I never thought I would do this, but for the first time in my life, I purchased two Handjobs for five bucks. Was it really a good deal or just too good to be true? Well lets find out…
The parodic infomercial-style advertisement for the Handjob has to be one of the most ridiculous, tasteless, and above all, ingeniously pun-tastic infomercials I have ever seen. Somebody seriously needs to call the police on Uncle Greg. I stumbled upon it after browsing through one of my favorite gadget blogs, Gizmodo. I’ve seen plenty of parodies like these from time to time, but never one as shamefully clever as this one. Nearly every single line in this commercial is a pun of an actual handjob and they’re dished out as if the term never existed. The corny 80′s style music, exaggerated acting, smooth transitions, and genuine-sounding spokesperson all seal the deal for a perfect looking commercial. At the end, they insist that you visit ineedahandjob.com to order. Most parodies that include a website usually do it for added humor. They make it appear that you can order the product but you can’t because it’s not real. Whether the Handjob was real or not, I wanted to see how far this would go. And with five bucks to spare, what did I have to lose? I ordered my Handjobs and recieved this email a few days later:
Dearest Handjob Consumers,
Thank you so much for your orders! Due to many recent inquiries, we would like to take this opportunity to assure you that yes, this is a real product. And yes, you will be receiving your very own genuine Handjobs shortly.
We were taken by surprise at the overwhelming response and the number of orders we’ve received thus far, and we are working very hard to try to get all of your orders to you by Christmas time. Please note that we can make no guarantees, but we will be working around the clock between now and then in an effort to satisfy your wants and desires.
We take Handjobs very seriously, and we truly do appreciate each and every one of you for supporting us.
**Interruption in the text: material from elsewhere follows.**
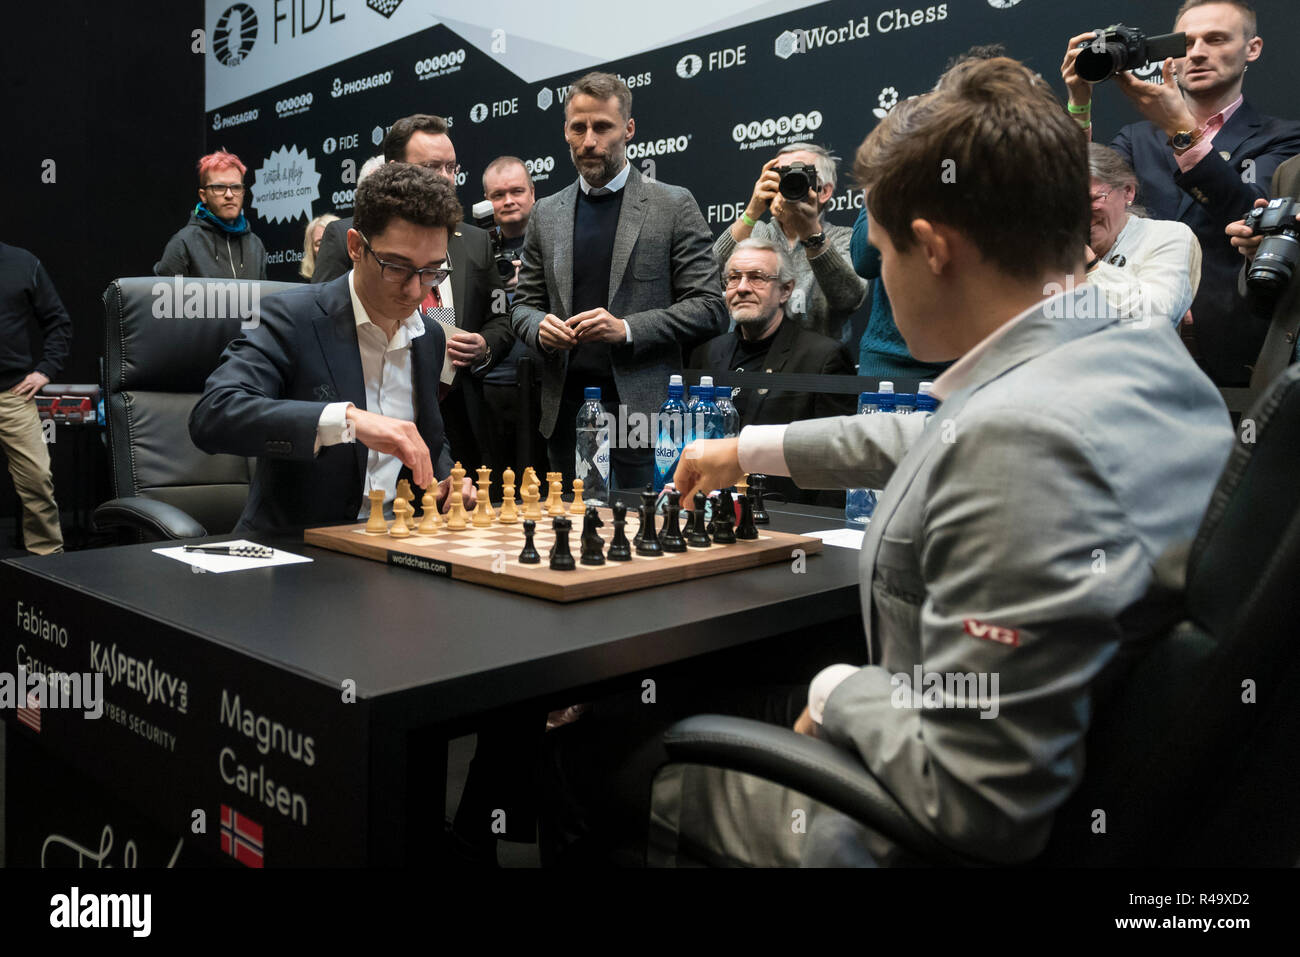 Caruana - Carlsen, Wijk 2015: Grandmaster Analysis

And look forward to many new and exciting developments on the HJ front! Thank you again, and we look forward to hearing about all the pleasure your heartwarming Handjobs provide this season!
Cheers,
Lisa Q.
Handjob! Customer Service
Wow, they continue to dish out puns in their customer service emails too. After a long time of waiting, I finally receive my Handjobs. To my surprise, they actually look… good. I expected some small, cheap, foamy material but it’s actually top-grade rubber. To see if they really worked as advertised, I tested them out on a jar of pickles that haven’t been opened in a while. It… worked, better than a towel or the end of your shirt I might add. After keeping them laying around on my desk, I found that they make pretty sick coasters and reduce the chance of my drink spilling over. For five bucks, they’re not bad at all. In the end, no matter how genuine something like this, it’s all done just for laughs. I don’t need them at all. I could just give them away, but for the sake of avoiding reactions from dirty minds, I’m pretty sure I won’t be giving anyone a Handjob.
Pros:
- It actually works as advertised.
- Reasonably priced.
Cons:
- Requires an open sense of humor.
- Humiliation from dirty minds.
- Ironically won’t help when used for real handjobs.